# [Records from a collection]

Segment Open

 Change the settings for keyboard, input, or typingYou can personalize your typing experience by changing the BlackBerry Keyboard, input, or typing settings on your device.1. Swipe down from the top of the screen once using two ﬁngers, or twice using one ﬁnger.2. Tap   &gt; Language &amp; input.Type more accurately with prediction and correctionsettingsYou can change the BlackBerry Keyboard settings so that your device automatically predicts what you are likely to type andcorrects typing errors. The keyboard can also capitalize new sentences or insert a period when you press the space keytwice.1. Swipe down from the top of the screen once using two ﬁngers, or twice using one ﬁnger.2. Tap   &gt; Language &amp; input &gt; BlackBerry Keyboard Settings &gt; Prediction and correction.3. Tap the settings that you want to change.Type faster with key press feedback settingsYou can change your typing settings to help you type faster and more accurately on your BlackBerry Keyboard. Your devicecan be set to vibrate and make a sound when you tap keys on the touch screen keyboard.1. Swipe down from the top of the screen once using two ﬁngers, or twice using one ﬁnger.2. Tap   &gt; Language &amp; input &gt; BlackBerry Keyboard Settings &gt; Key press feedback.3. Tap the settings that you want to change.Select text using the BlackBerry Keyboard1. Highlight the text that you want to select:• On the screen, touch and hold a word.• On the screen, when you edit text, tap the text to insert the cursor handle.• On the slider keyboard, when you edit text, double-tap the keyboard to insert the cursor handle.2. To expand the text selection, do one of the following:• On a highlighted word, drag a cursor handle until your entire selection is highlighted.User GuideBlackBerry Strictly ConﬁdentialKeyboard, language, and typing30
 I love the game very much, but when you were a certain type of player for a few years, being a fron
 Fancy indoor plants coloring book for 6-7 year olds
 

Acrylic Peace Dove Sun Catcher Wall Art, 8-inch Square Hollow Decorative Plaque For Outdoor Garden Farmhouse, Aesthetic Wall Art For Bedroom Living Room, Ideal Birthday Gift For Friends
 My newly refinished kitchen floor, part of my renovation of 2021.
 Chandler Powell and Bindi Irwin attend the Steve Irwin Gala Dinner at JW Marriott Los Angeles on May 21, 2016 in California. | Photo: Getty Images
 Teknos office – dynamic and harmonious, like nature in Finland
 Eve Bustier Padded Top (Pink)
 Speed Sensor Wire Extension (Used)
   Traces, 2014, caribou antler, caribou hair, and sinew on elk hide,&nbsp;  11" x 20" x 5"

Segment Closed

# [Directions]
I need each of the entries above printed again exactly.

# [Answer section]
 Change the settings for keyboard, input, or typingYou can personalize your typing experience by changing the BlackBerry Keyboard, input, or typing settings on your device.1. Swipe down from the top of the screen once using two ﬁngers, or twice using one ﬁnger.2. Tap   &gt; Language &amp; input.Type more accurately with prediction and correctionsettingsYou can change the BlackBerry Keyboard settings so that your device automatically predicts what you are likely to type andcorrects typing errors. The keyboard can also capitalize new sentences or insert a period when you press the space keytwice.1. Swipe down from the top of the screen once using two ﬁngers, or twice using one ﬁnger.2. Tap   &gt; Language &amp; input &gt; BlackBerry Keyboard Settings &gt; Prediction and correction.3. Tap the settings that you want to change.Type faster with key press feedback settingsYou can change your typing settings to help you type faster and more accurately on your BlackBerry Keyboard. Your devicecan be set to vibrate and make a sound when you tap keys on the touch screen keyboard.1. Swipe down from the top of the screen once using two ﬁngers, or twice using one ﬁnger.2. Tap   &gt; Language &amp; input &gt; BlackBerry Keyboard Settings &gt; Key press feedback.3. Tap the settings that you want to change.Select text using the BlackBerry Keyboard1. Highlight the text that you want to select:• On the screen, touch and hold a word.• On the screen, when you edit text, tap the text to insert the cursor handle.• On the slider keyboard, when you edit text, double-tap the keyboard to insert the cursor handle.2. To expand the text selection, do one of the following:• On a highlighted word, drag a cursor handle until your entire selection is highlighted.User GuideBlackBerry Strictly ConﬁdentialKeyboard, language, and typing30
 I love the game very much, but when you were a certain type of player for a few years, being a fron
 Fancy indoor plants coloring book for 6-7 year olds
 

Acrylic Peace Dove Sun Catcher Wall Art, 8-inch Square Hollow Decorative Plaque For Outdoor Garden Farmhouse, Aesthetic Wall Art For Bedroom Living Room, Ideal Birthday Gift For Friends
 My newly refinished kitchen floor, part of my renovation of 2021.
 Chandler Powell and Bindi Irwin attend the Steve Irwin Gala Dinner at JW Marriott Los Angeles on May 21, 2016 in California. | Photo: Getty Images
 Teknos office – dynamic and harmonious, like nature in Finland
 Eve Bustier Padded Top (Pink)
 Speed Sensor Wire Extension (Used)
   Traces, 2014, caribou antler, caribou hair, and sinew on elk hide,&nbsp;  11" x 20" x 5"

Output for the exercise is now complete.